__EXERCISE REQUIREMENTS__
Nothing but an exact repeat of the data, with pictures removed, belongs in the answer.

__DATA SECTION__
[Start of section]

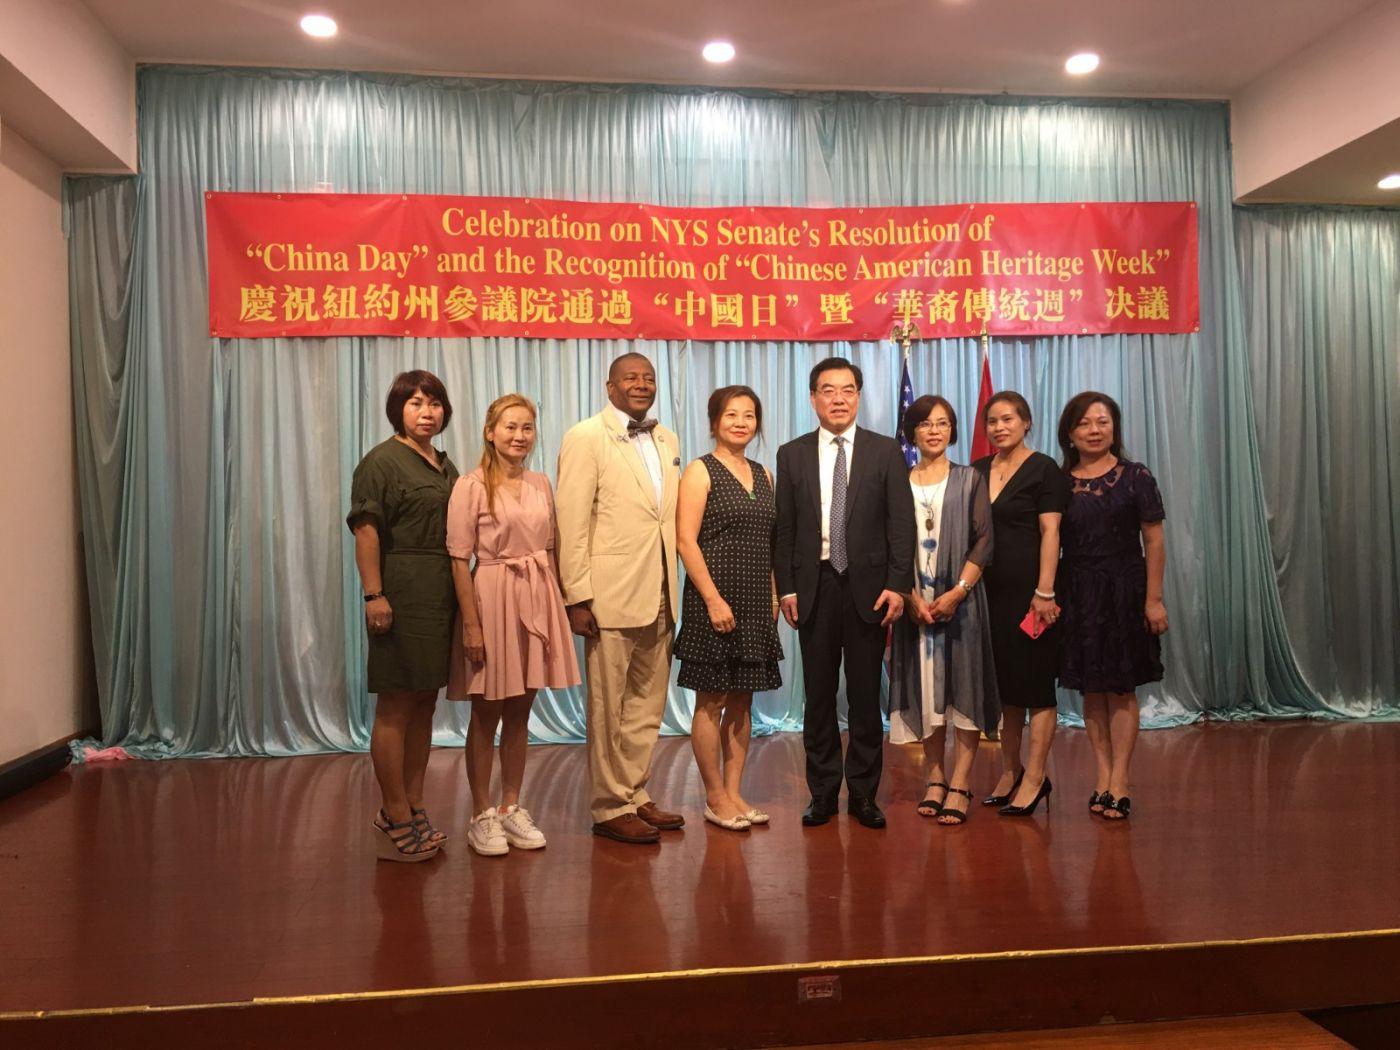 紐約州參議院通過「中國日」決議案慶祝会在紐約舉行_图1-40
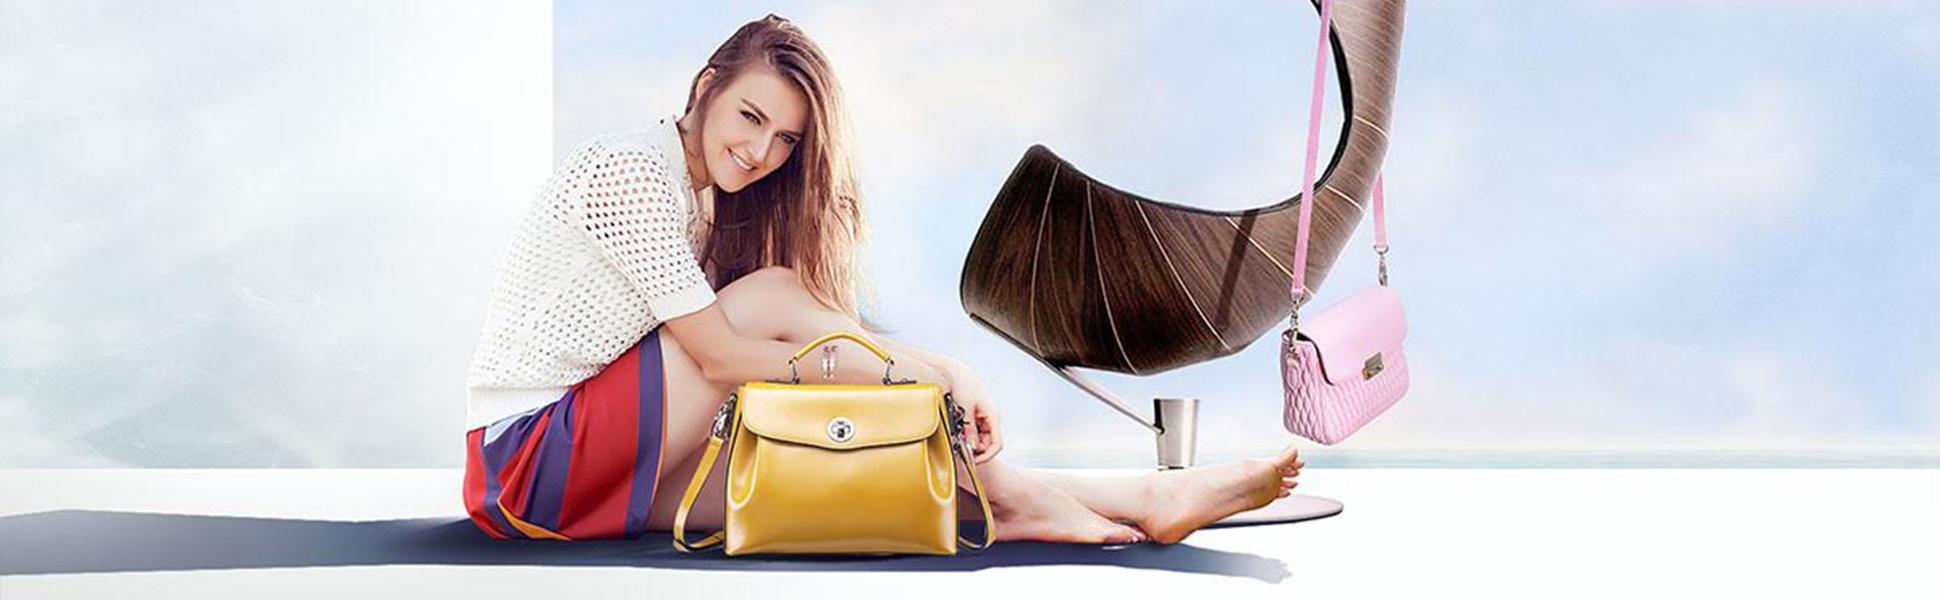 Kožené kabelky z luxusných materiálov
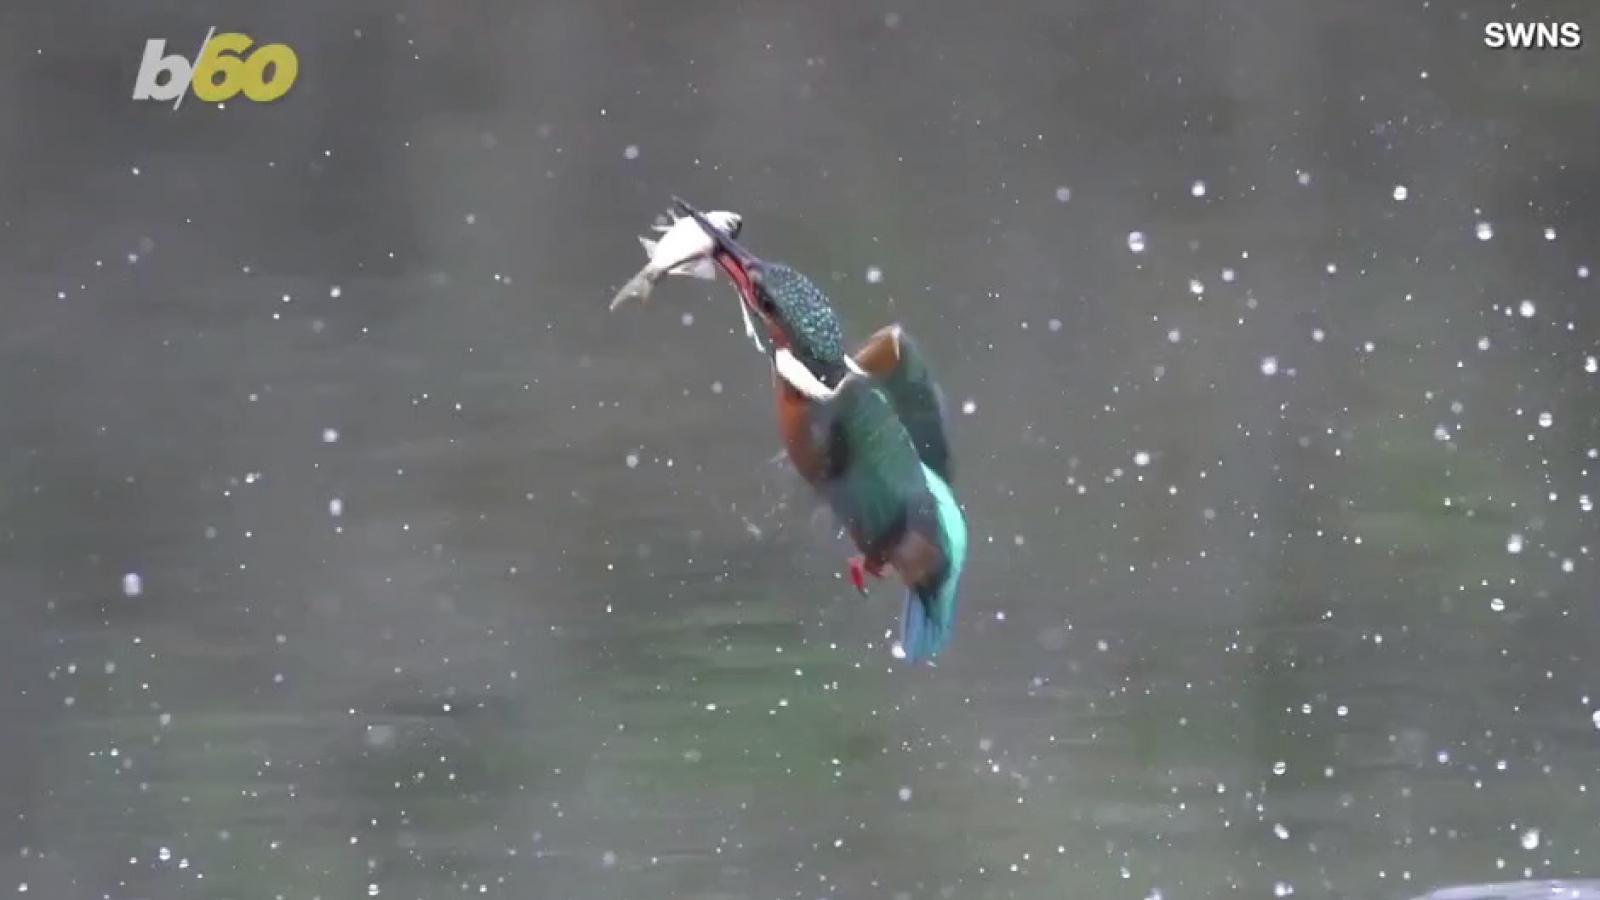 Khoảnh khắc chim bói cá săn mồi dưới nước

[End of section]

__ANSWER BOX__
 紐約州參議院通過「中國日」決議案慶祝会在紐約舉行_图1-40
 Kožené kabelky z luxusných materiálov
 Khoảnh khắc chim bói cá săn mồi dưới nước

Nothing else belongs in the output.